Now, do you honestly believe that in every single one of those categories, there isn’t a New Zealander about the place that could do it?

If the answer is yes, what a monumental enlightenment on our education system.  

If the answer is no, we clearly have a booming economy where everyone is gainfully busy.

And yet of course we don’t, and we know we don’t.

So the government’s new answer is to take those out of work and give them these jobs. Classic theory from a group who have never employed anyone in their lives.

And, as we are seeing by the ongoing cries for help, this plan is hopelessly unrealistic.

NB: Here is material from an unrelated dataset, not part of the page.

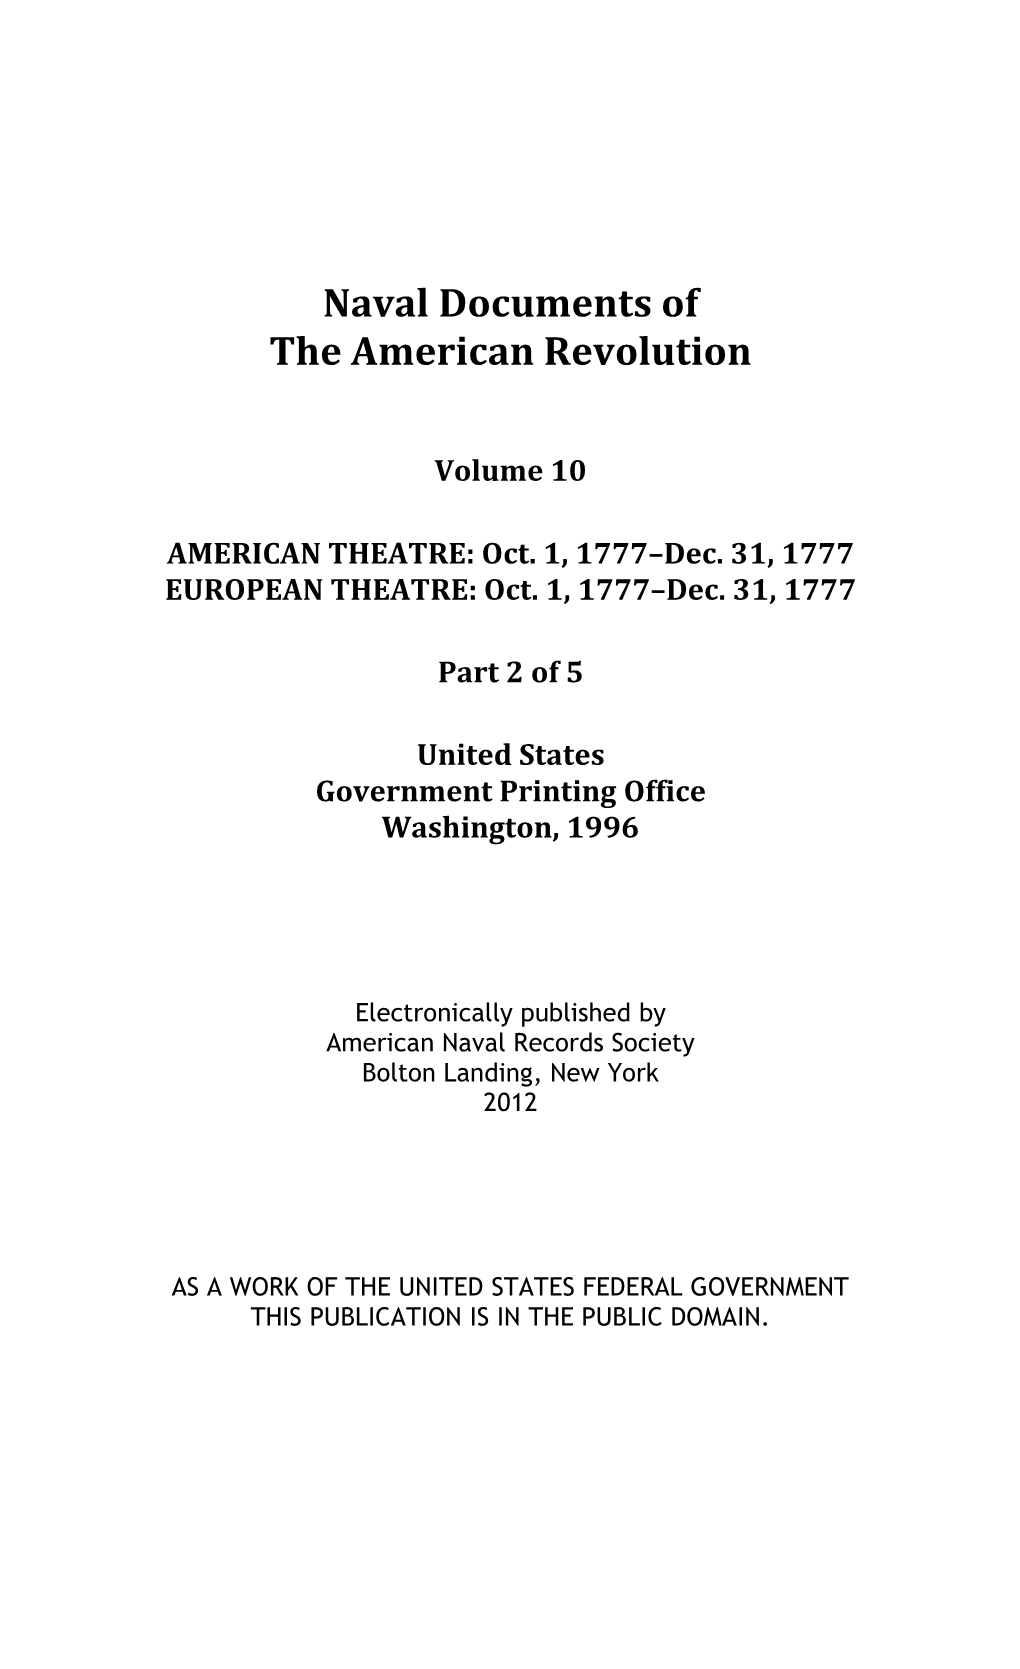 Naval Documents of the American Revolution, Volume 10, Part 2
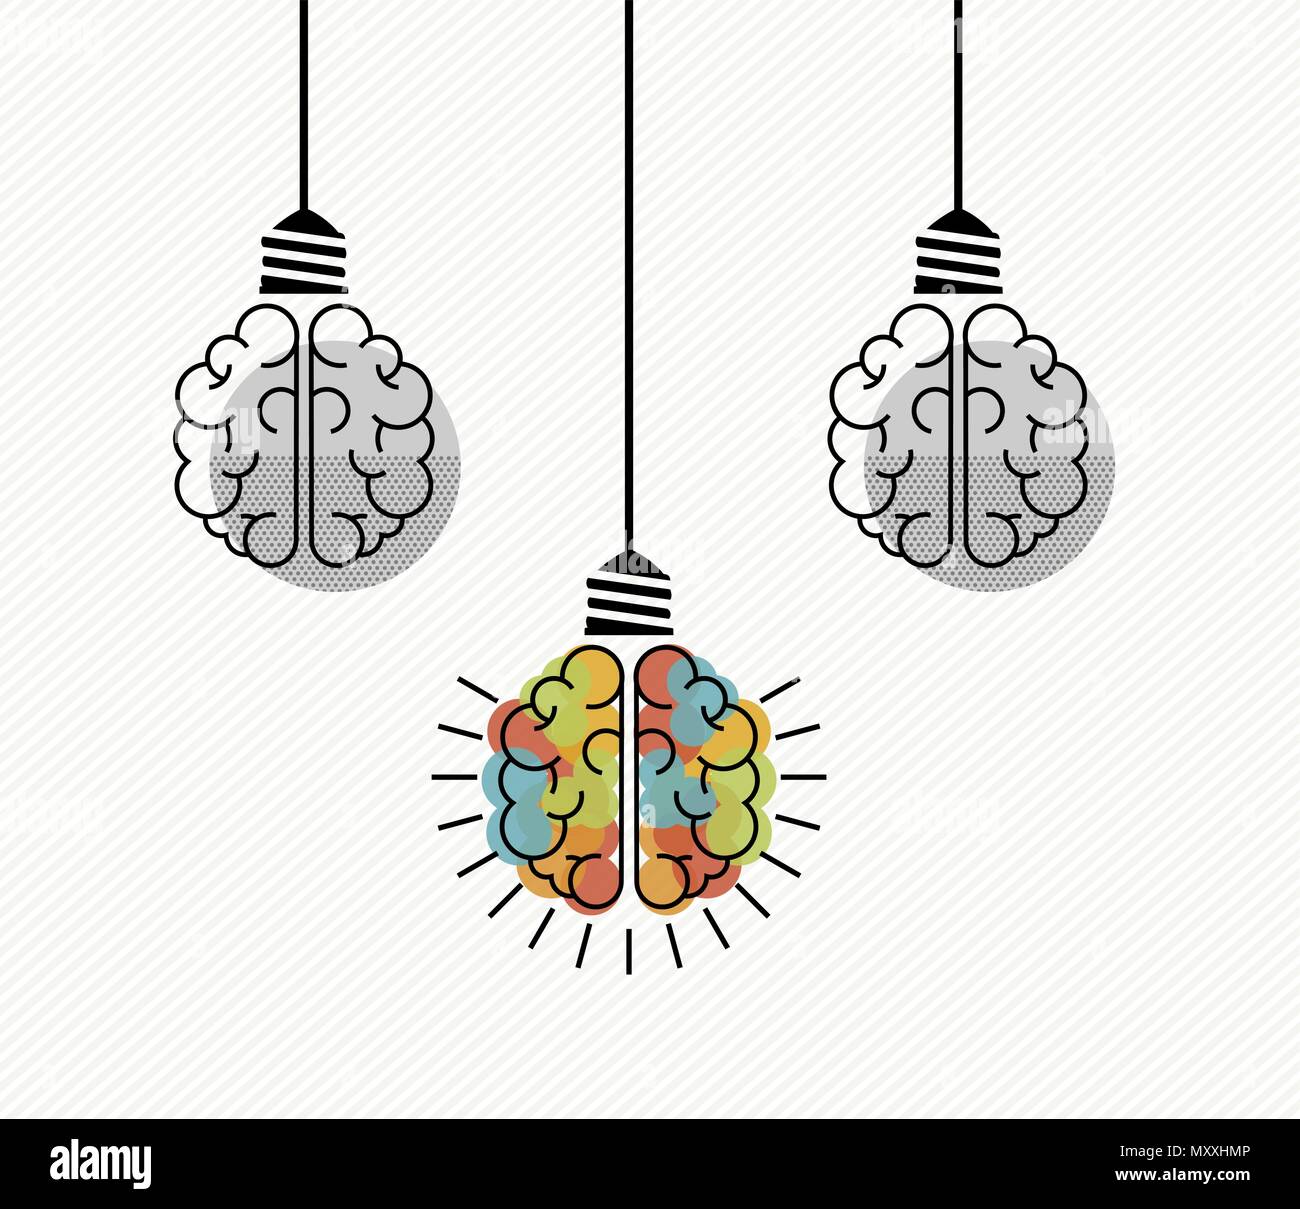 Creative thinking concept illustration of human brain as electric light bulb for business solutions, brainstorming. EPS10 vector. Stock Vector

You either want stuff done or you don’t, machines driven or not, fruit picked or not, the job actually filled or not.

The government argue it’s about money. It isn’t. For cherry or apple picking it could be, but even there I am doubtful.

The truth is, we lack skills, we sometimes lack desire, but that doesn’t change reality, and the reality is an economy needs workers to fill jobs and we have a mismatch.

The solution is to get these people in here and fix the problem. There are spaces in quarantine, but the government is reluctant because they’re hung up on ideology to fill them.

The only tangible sensible and realistic solution is for them to wake up, change their minds and get back to doing what we were previously, which, although not perfect, was a hell of a lot more productivity that what’s going on now.